Tuesday, October 8, 2013

The EVEN GREATER DEPRESSION.

       The year is 2016 and we've been in the Even Greater Depression for thirty six months now and counting. Next month we will elect a new president. It will be a momentous occasion, even though there is only one person running for the office. Joe, The Electrician, agreed to run for the office when he was the last person in America to have a job. But as soon as he agreed to run, he lost his job.
       All work is now done by volunteers. So we continue to have electricity because a group of politicians decided that if they were ever again to be able to give a speech on a lighted stage with sound, it would have to be them to restart the generators. After the great electrical fire of January 1, 2014, which followed the great restart of electricity be two hours, the people of America decided we needed individuals who knew what they were doing and why, to run the really important industries. Ever since then, politicians could be found at county courthouses around the country selling pencils out of tin cups on the entrance steps.
       It's been interesting to watch how different politicians proclaim their pencils as being the best pencils to do the job of writing down information of extreme importance. But even more entertaining is to listen to them explain why their competitors pencils will only get the information wrong and cause the whole country to fall into a great national disaster.
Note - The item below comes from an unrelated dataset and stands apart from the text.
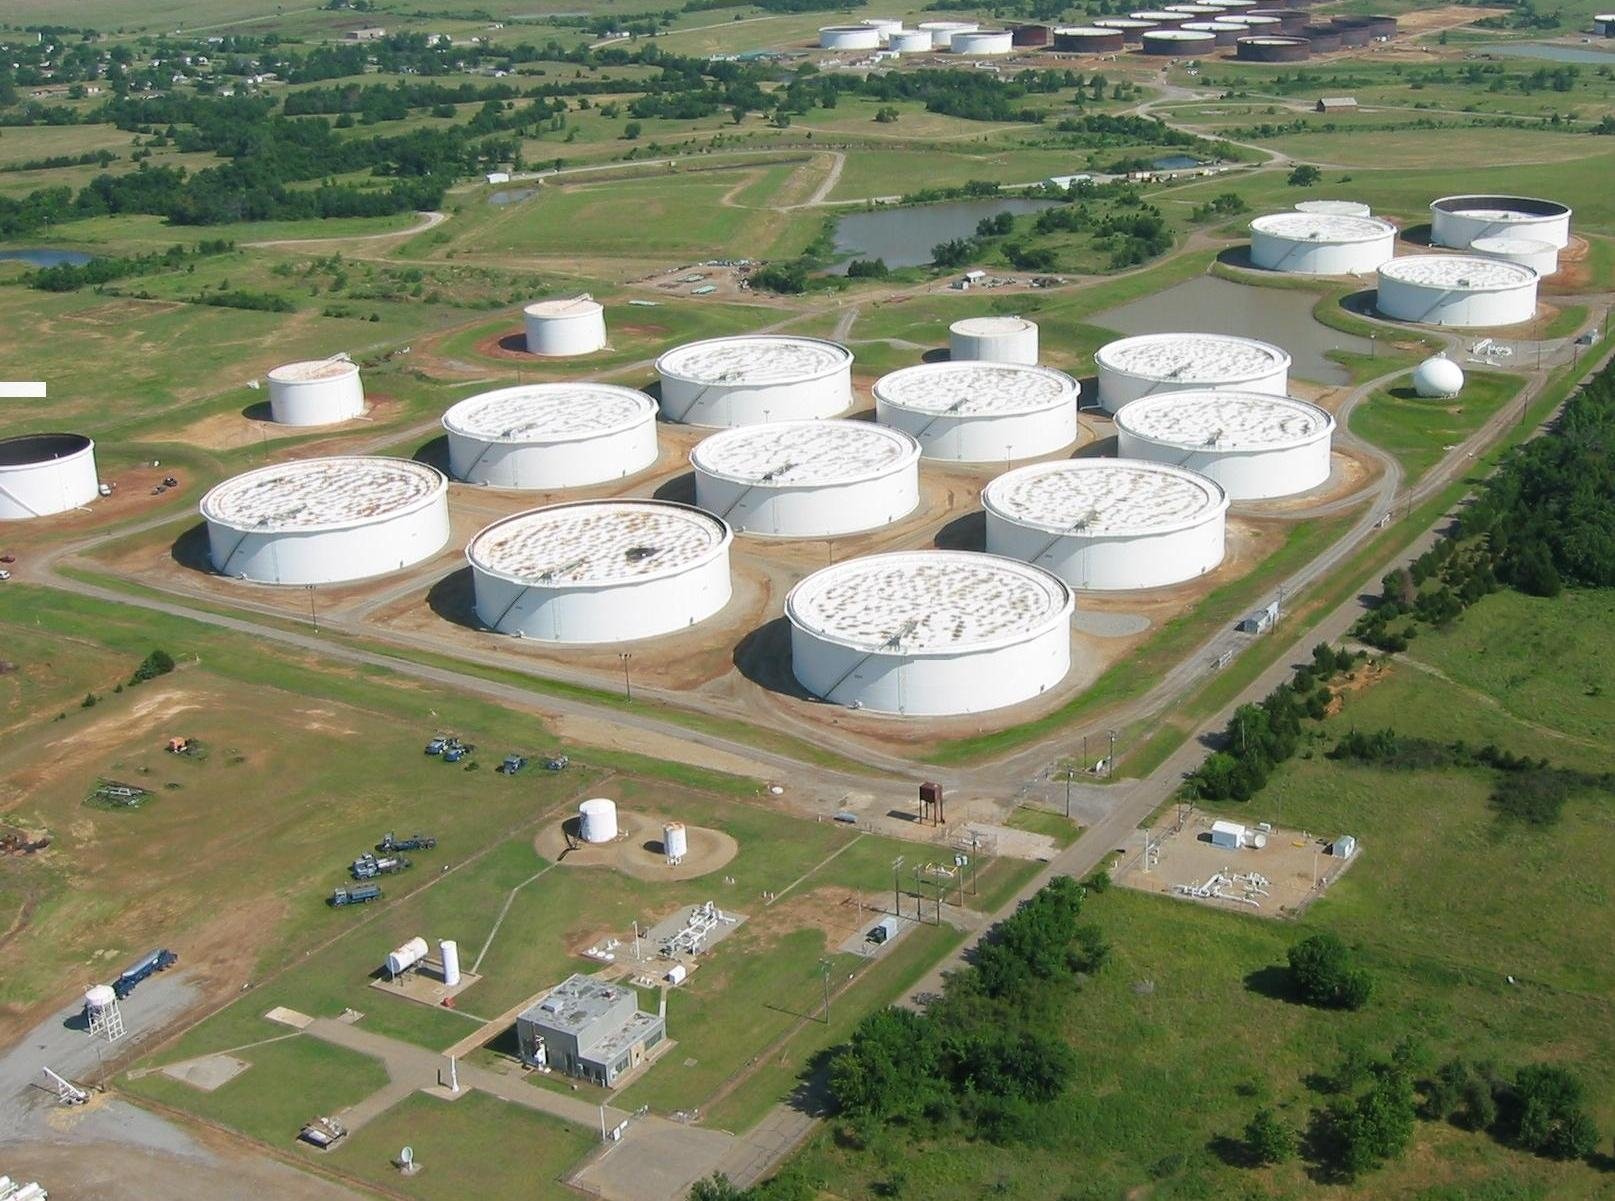 The Cushing Terminal And U.S Oil Storage Woes

       I spoke to a gentleman just yesterday who had actually rode a camel to Washington to speak to the President and his Congressman and Senators. When he got there he was struck by the fact that these men were still sitting in their same chairs listening to a Senator read bedtime stories to the congressional staffers who had left the building three years earlier. Nobody was available to speak with my friend at the present time because of other important duties, except for one volunteer janitor. The janitor told my friend that these folks had been sitting in the same chairs so long staring at this great orator that they were no longer able to speak or hear anything. But whatever they did hear must have mesmerized them.